Some 14,000 North Korean soldiers sustained heavy losses in the battle for Kursk, a product of Moscow’s combat strategy of sacrificing hundreds of workers in uniform at a time while achieving only small advances. 

The North Korean government is also providing millions of artillery shells as the Russian military faces shortages, as well as ballistic missiles, which Moscow uses in its strikes on Ukrainian cities. 

Trump tries Crimea lure for Putin

As an enticement to Putin to agree to end the fighting, Trump raised the possibility that Washington could recognize Moscow’s 2014 annexation of Ukraine’s Crimean Peninsula, claiming Ukraine had lost Crimea “years ago.” He urged the Ukrainian government to concede the peninsula to Moscow, claiming otherwise Ukraine would “fight for another three years before losing the whole country.” 

This was immediately rejected by Ukrainian President Volodymyr Zelensky, who said altering Ukraine’s borders was against the country’s constitution that was adopted when it declared independence from Russia in 1991. 

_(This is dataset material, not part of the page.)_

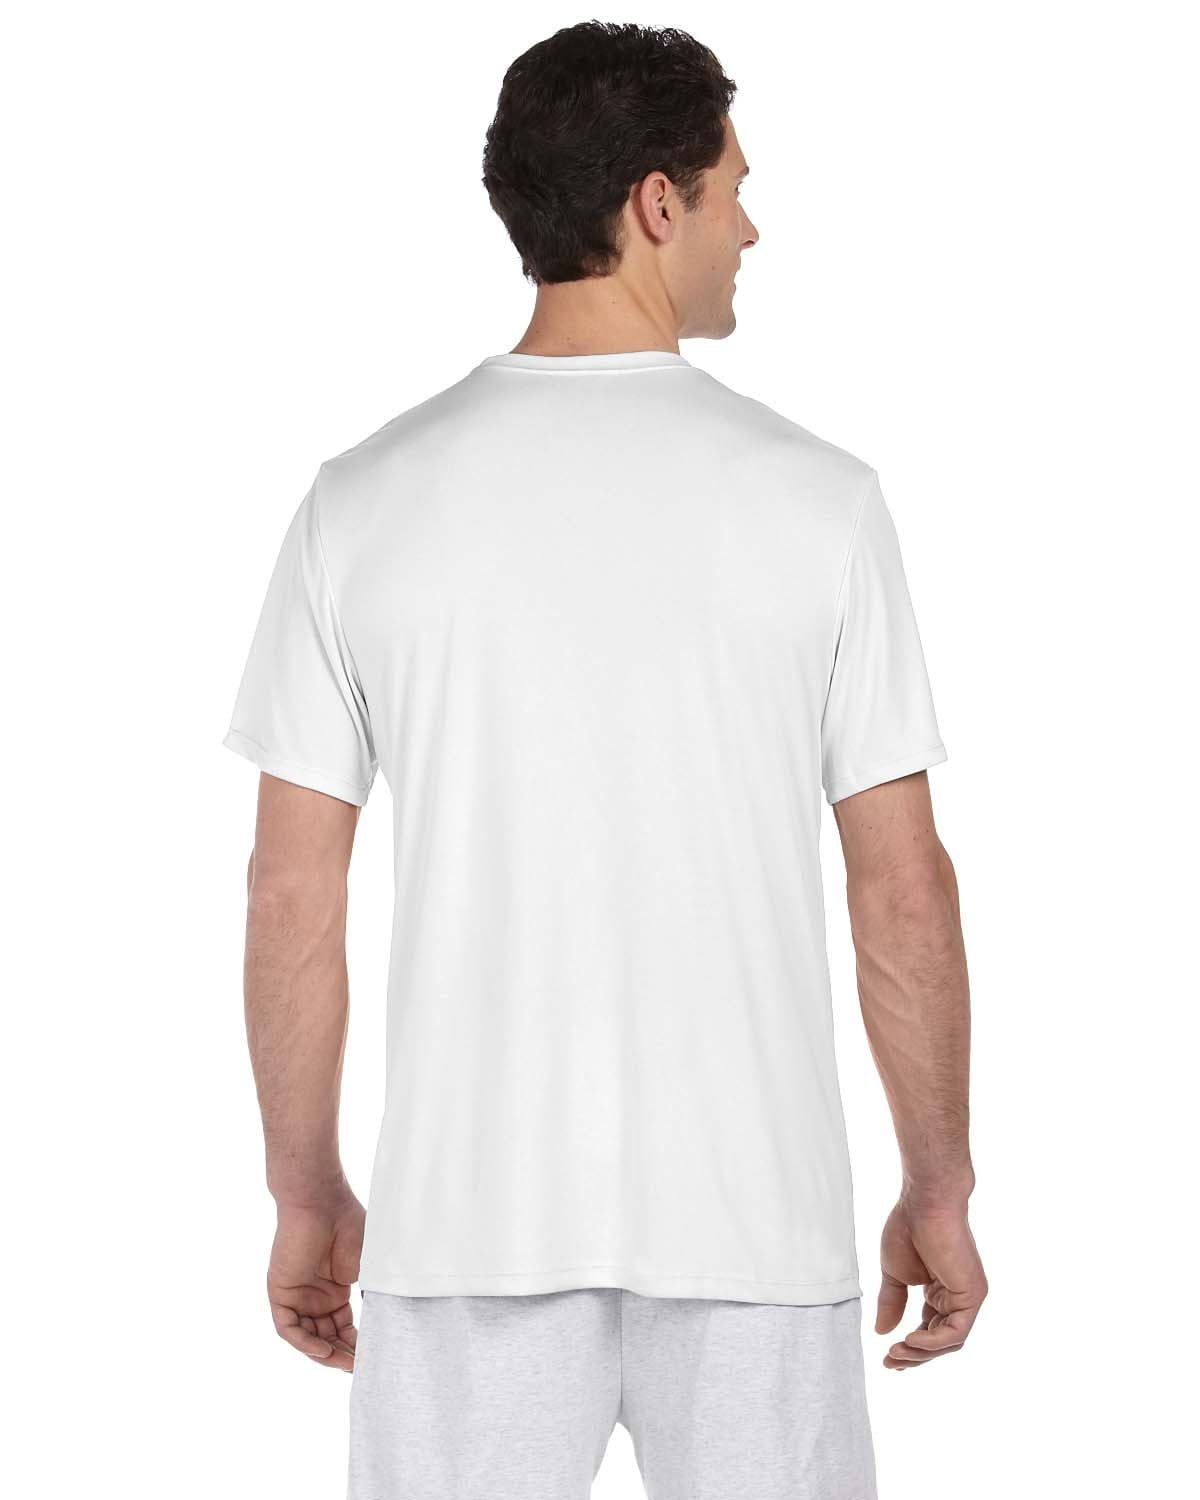 Hanes 4 oz NANO-T Cool Dri T-Shirt (Pack of 2) (1 White / 1 Light Blue ...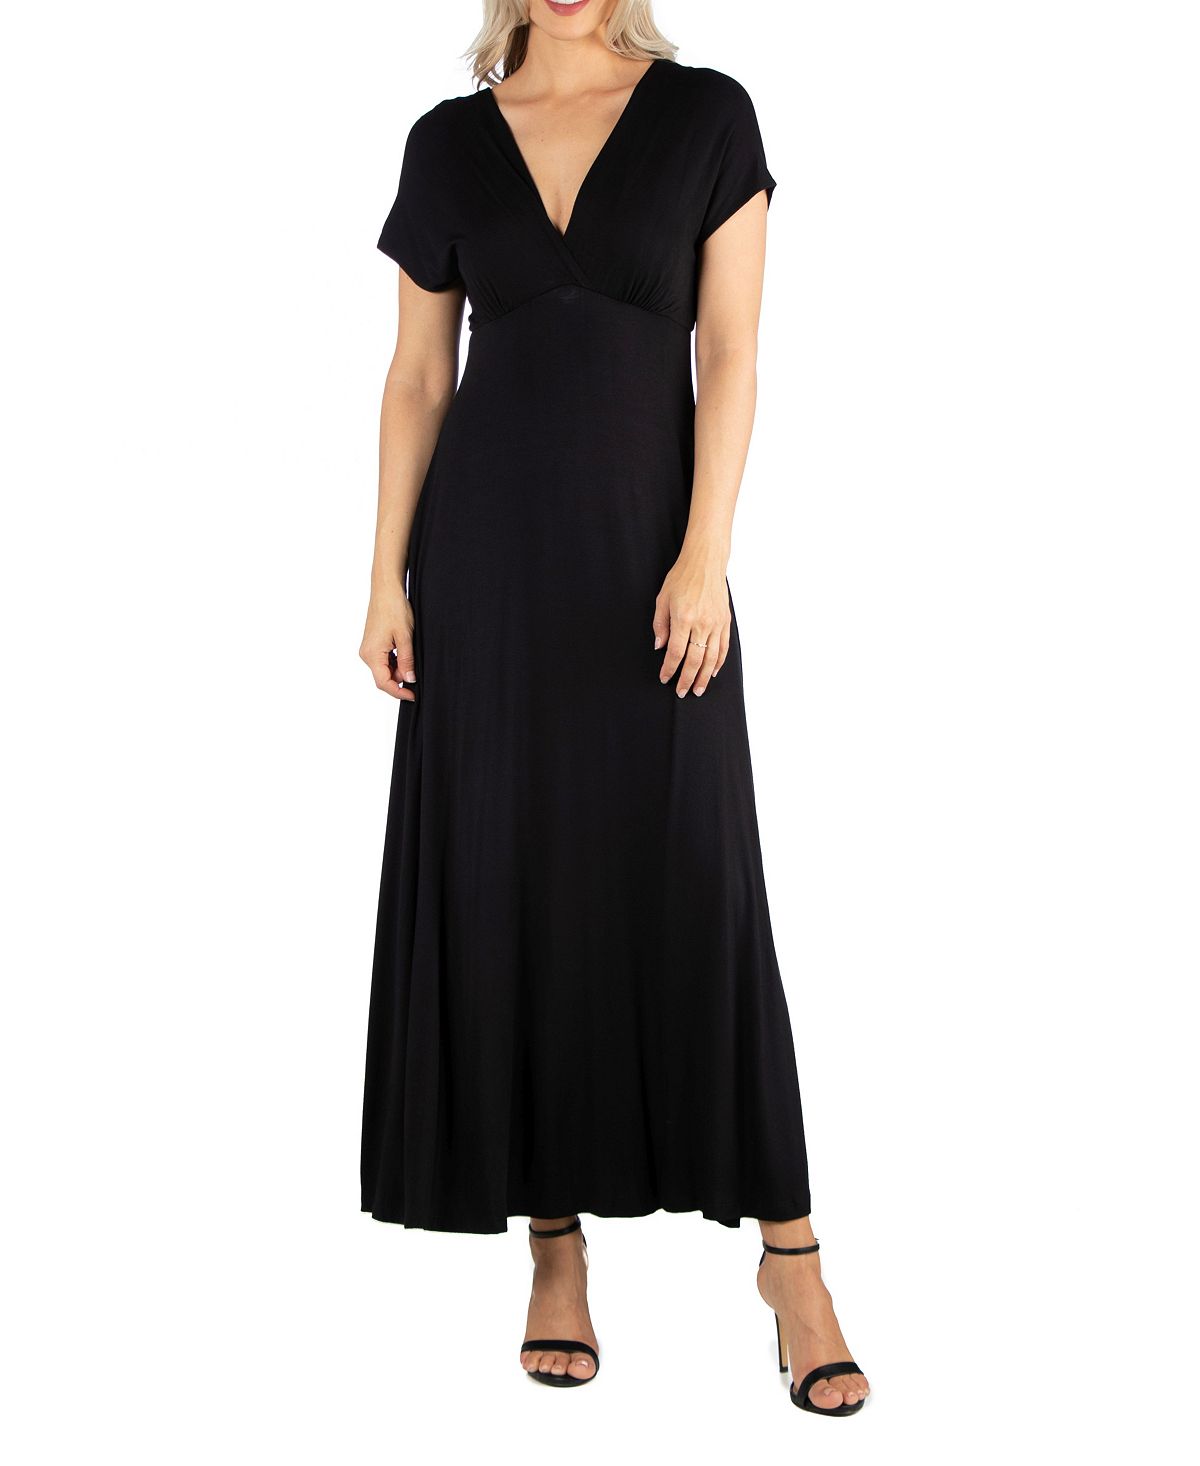 женское вечернее платье с v образным вырезом и юбкой годе Женское макси-платье с короткими рукавами и v-образным вырезом 24seven Comfort Apparel, черный

In 2014 Putin used Russian troops based in Crimea to spearhead the seizure of the peninsula after working people across Ukraine, including in Crimea, had joined the popular Maidan uprising, toppling the pro-Moscow Ukrainian President Viktor Yanukovych. 

Crimean Tatars joined in protests against the Kremlin’s takeover. Ever since, Moscow has subjected Tatars there to brutal repression and tightened political persecution to suppress opposition to its rule. 

Crimean Tatars were the majority on the peninsula before czarist Russia’s conquest in 1783. They faced centuries of persecution under Moscow’s boot. The exception was the years immediately after the 1917 Russian Revolution when V.I. Lenin and the Bolsheviks led working people to conquer political power. The new revolutionary government championed self-determination for all the nationalities oppressed by czarism, including Ukrainians and Crimean Tatars. 

A decade later, Lenin’s course was reversed in a bloody counterrevolution headed by Joseph Stalin that re-imposed Moscow’s domination over Crimea, Ukraine and elsewhere in the Soviet Union. During World War II Stalin deported the entire Crimean Tatar population into Russia’s interior, slandering them as Nazi agents. Tatars were only permitted to begin returning home decades later. 

“Crimea is the homeland of the indigenous Crimean Tatar people and an integral part of Ukraine,” Refat Chubarov, head of the Mejlis, the council of the Crimean Tatars, wrote April 22. “No one — under any circumstances — can decide the fate of Crimea except the Ukrainian state and the Crimean Tatar people.” 

At the forefront of the defense of Ukraine’s sovereignty are the working people and oppressed Crimean Tatar people who have mobilized in huge numbers to resist Moscow’s invasion for the past three years and continue doing so.